Ahmet Mahmut Ünlü'nün Selefi çıkışı ilk değil. 2 yıl kadar önce Ahmet Hakan'ın moderatörlüğündeki Tarafsız Bölge'de "silahlanan selefi dernekler” iddiasını gündeme taşımış, "2 bin silahlı Selefi dernek bulunduğunu" söylemişti. Ünlü, bu sözlerinin ardından Savcılığa giderek ifade vermiş, "adreslerini bilmediğini" söylemişti. 25 Eylül 2020'de iddialarıyla ilgili savcıya ifade veren Ahmet Mahmut Ünlü, "silahların görüntülerini savcılığa verdiğini" de belirtmişti. Ünlü, 13 Ekim 2020 tarihinde de bu konuda çalışma yapan arkadaşlarının savcılığa giderek "757 sayfa ifade ve 13 bin 99 sayfa döküman verdiklerini" söylemişti.

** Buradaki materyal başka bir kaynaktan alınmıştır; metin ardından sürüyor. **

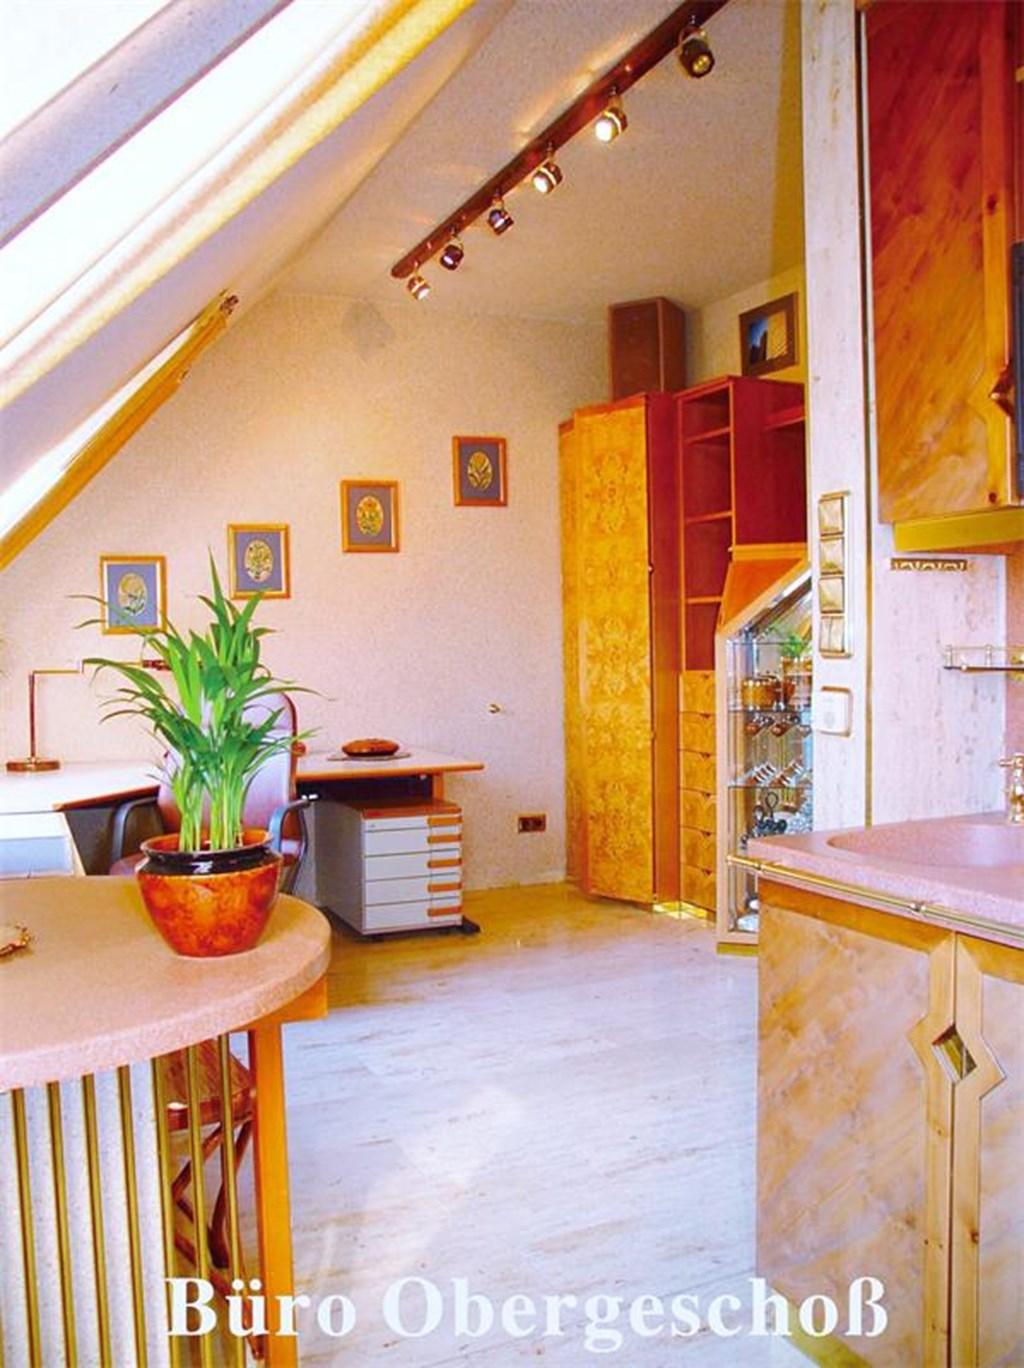 dachgeschossmaisonette mit potential in renommierter lage top preis leistungsverh ltnis. Black Bedroom Furniture Sets. Home Design Ideas

DİYANET'E MATURİDİ ÇİZGİDEN SAPMA ELEŞTİRİSİ

25 Aralık 2021'de gazeteci Barış Terkoğlu'na konuşan Ahmet Mahmut Ünlü, bu kez de "yorulduğunu" söylemiş, "Ben 'Atatürk dönemi Diyaneti'ni istiyorum" demişti. Ünlü, Diyanet'i Hanefiliğin itikat çizgisi olan Maturidilikten sapmakla suçlamış, şunları söylemişti: "Ben 'Atatürk dönemi Diyaneti'ni istiyorum. Onun döneminde Diyanet, Maturidi çizgisindeydi. Ya şimdiki İlahiyatçılar? Bir kısmı Vehhabi, bir kısmı Ehli Sünnet dışı başka ekollerden. Bunları söylemeyelim mi?"